Fan Yingying, Lv Jinchi, Sharifvaghefi Mahrad, Uematsu Yoshimasa
University of Southern California.
Tohoku University.
J Am Stat Assoc. 2020;115(532):1822-1834. doi: 10.1080/01621459.2019.1654878. Epub 2019 Sep 17.
Interpretability and stability are two important features that are desired in many contemporary big data applications arising in statistics, economics, and finance. While the former is enjoyed to some extent by many existing forecasting approaches, the latter in the sense of controlling the fraction of wrongly discovered features which can enhance greatly the interpretability is still largely underdeveloped. To this end, in this paper we exploit the general framework of model-X knockoffs introduced recently in Candès, Fan, Janson and Lv (2018), which is nonconventional for reproducible large-scale inference in that the framework is completely free of the use of p-values for significance testing, and suggest a new method of intertwined probabilistic factors decoupling (IPAD) for stable interpretable forecasting with knockoffs inference in high-dimensional models. The recipe of the method is constructing the knockoff variables by assuming a latent factor model that is exploited widely in economics and finance for the association structure of covariates. Our method and work are distinct from the existing literature in that we estimate the covariate distribution from data instead of assuming that it is known when constructing the knockoff variables, our procedure does not require any sample splitting, we provide theoretical justifications on the asymptotic false discovery rate control, and the theory for the power analysis is also established. Several simulation examples and the real data analysis further demonstrate that the newly suggested method has appealing finite-sample performance with desired interpretability and stability compared to some popularly used forecasting methods.

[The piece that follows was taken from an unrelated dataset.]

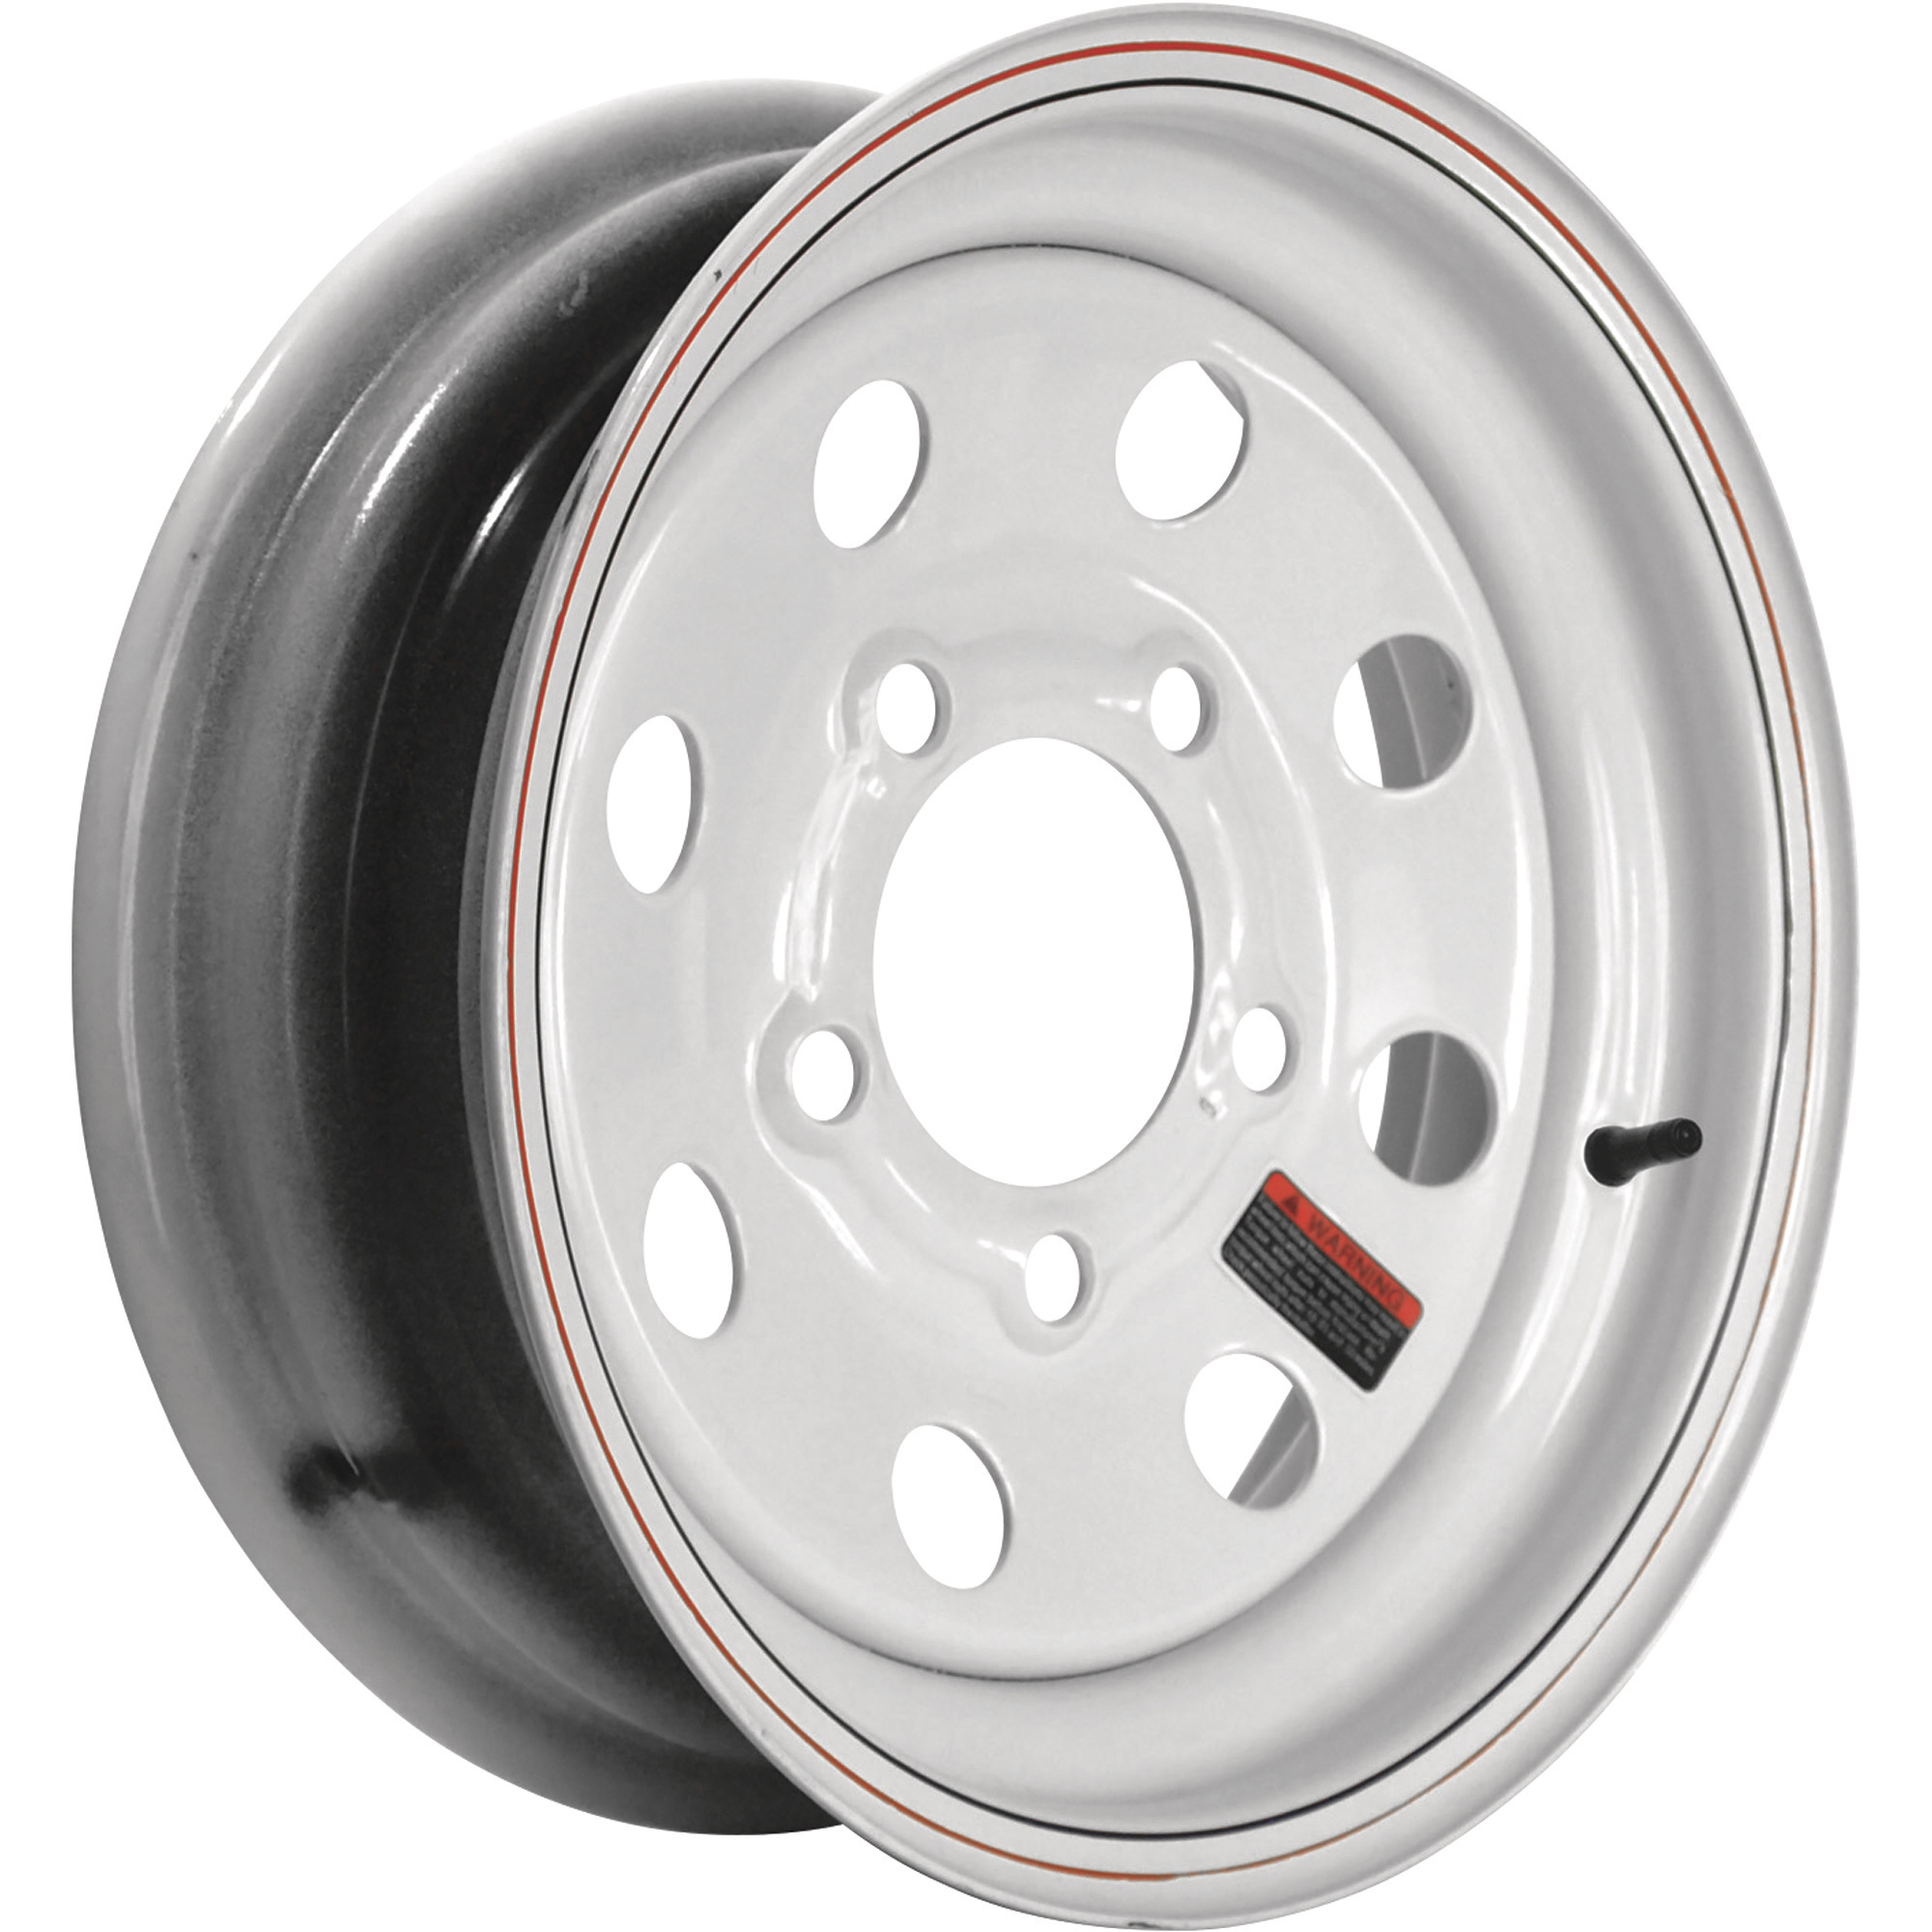 Martin Wheel 12Inch Modular Trailer Tire Wheel â Rim Only, Fits Tire Sizes 4.80 x 12, 5.30 x 12, 5-Hole, Model R-125-MM-V

可解释性和稳定性是统计、经济和金融领域中许多当代大数据应用所期望的两个重要特征。虽然许多现有预测方法在一定程度上具备前者,但在控制错误发现特征的比例以极大提高可解释性这方面,后者仍在很大程度上未得到充分发展。为此,在本文中,我们利用了Candès、Fan、Janson和Lv(2018)最近引入的模型X仿样的通用框架,该框架在可重复大规模推断方面是非传统的,因为它完全不使用p值进行显著性检验,并提出了一种新的交织概率因子解耦(IPAD)方法,用于在高维模型中通过仿样推断进行稳定的可解释预测。该方法的诀窍是通过假设一个在经济和金融中广泛用于协变量关联结构的潜在因子模型来构建仿样变量。我们的方法和工作与现有文献不同之处在于,我们从数据中估计协变量分布,而不是在构建仿样变量时假设其已知,我们的过程不需要任何样本分割,我们提供了关于渐近错误发现率控制的理论依据,并且还建立了功效分析理论。几个模拟示例和实际数据分析进一步表明,与一些常用的预测方法相比,新提出的方法具有吸引人的有限样本性能,具备所需的可解释性和稳定性。